On this day in 1968, the famous 300 million yen robbery took place in Tokyo, Japan. It remains unsolved to this day.
Writing, Editing, and Publishing:
At Suvudu, Robert Jackson Bennett talks about the various influences (George Smiley! The Third Man! The DISCWORLD series!) on his recent novel, City of Stairs. And in *incredibly exciting news,* it looks like RJB might be writing a sequel. What!?!
Geek’s Guide to the Galaxy recently hosted an interview with Ellen Datlow, Cat Rambo, and John Joseph Adams to discuss the role of women (as authors and characters) in fantasy and horror.
Seems like J.K. Rowling isn’t done with Harry after all. She’s going to continue her recent trend of sharing short stories set in the world of the HARRY POTTER series by releasing one story a day for the 12 days leading up to Christmas.
Here at FanLit, we’re composing our comprehensive “Best of 2014” list and one name that is on several of our individual lists is Jeff VanderMeer, the author of the recent SOUTHERN REACH series. Here you can read VanderMeer’s own Best of 2014 reading list.
In 2008, Patrick Rothfuss started Worldbuilders, a charity that raises money for Heifer International, an organization that combats hunger in third-world countries. The Worldbuilders Team has garnered a lot of support from people across the industry: Tor, Daw, DelRey, and Subterreanean Press, Neil Gaiman, Brandon Sanderson, and Catherynne Valente are just some of the supporters of Worldbuilders who donate their time and books and memorabilia to the cause. This year, Worldbuilders hit their 500,000 stretch goal, which means that the Brothers Chaps are going to create a new Strong Bad video for the world. Check all the Worldbuilders news (and amazing prizes and auctions, like favor rings from Pat) out here, on Pat’s blog, and please consider giving to this worthy cause.

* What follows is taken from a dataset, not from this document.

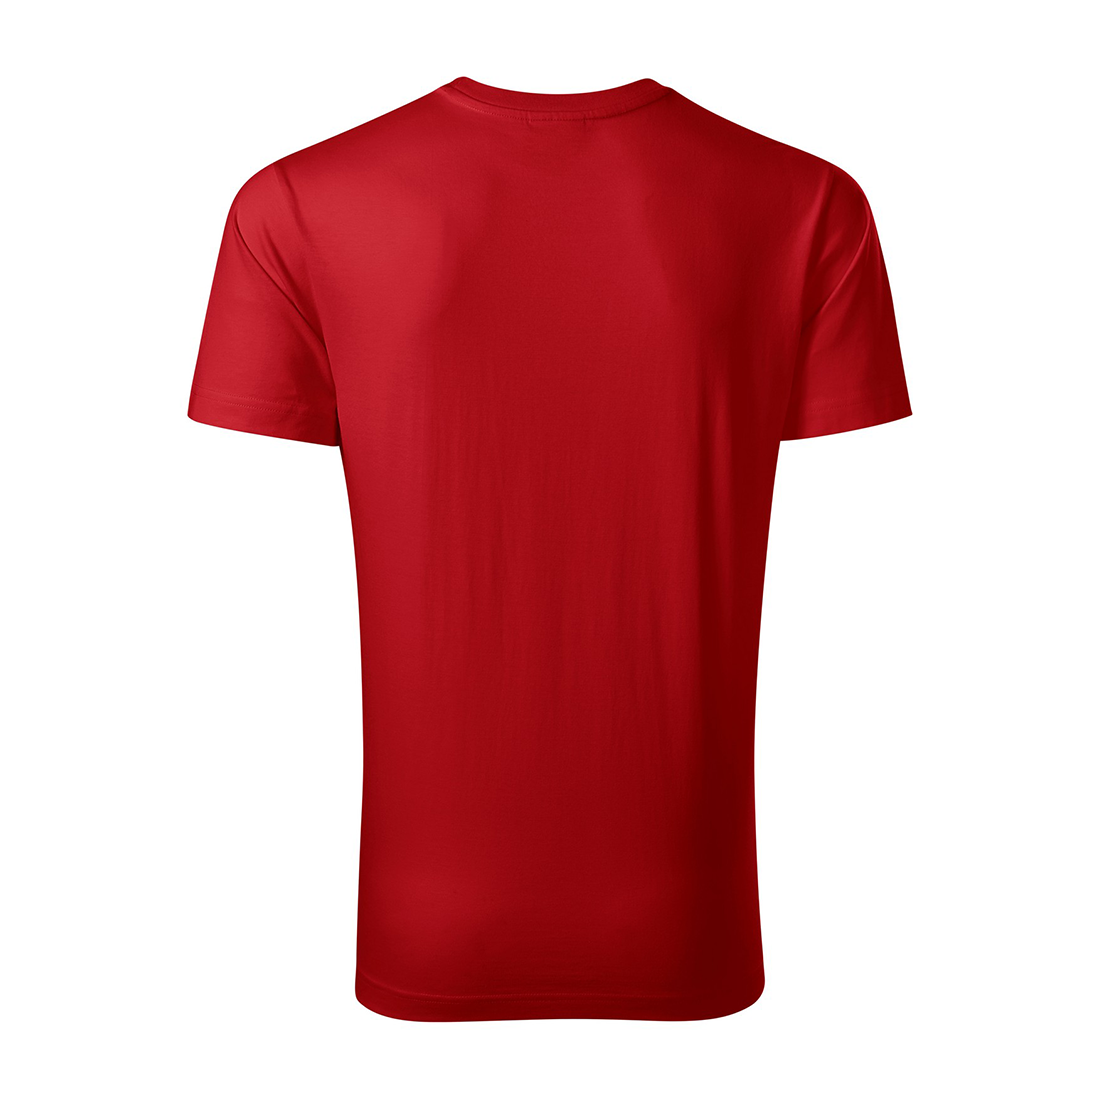 Herren-T-Shirt aus vorgewaschener Baumwolle - Arbeitskleidung

While trolling the Internet looking for fun things for you all, I ran across this entry in Midori Snyder‘s blog, In the Labyrinth. I love the alternate taxonomy of animals she provides here, from an ancient Chinese encyclopedia, and updated with a few entries of her own.
This Tor.com essay about Peter Pan explodes the idea that Peter is a “good” character, but maintains that he is still fascinating to us because of what his cruel innocence says about our own escape from responsibility and adulthood.
Movies and Television:
Speaking of Peter Pan, check out this trailer for a new Peter Pan movie, which shows us not only Pan’s origins but also Captain Hook’s as well.
Remember how a few weeks ago I was excited about Strange Magic, an animated film coming out about the fairies in A Midsummer Night’s Dream? Well, I’m no longer excited.
But I am excited about this: The Little Prince film, coming out in 2015. The trailer is gorgeous. Enjoy.
The Oxford Dictionaries Blog is a place where I could waste hours of my day. Here is an article about invented words from children’s literature, from Lewis Carroll to JK Rowling.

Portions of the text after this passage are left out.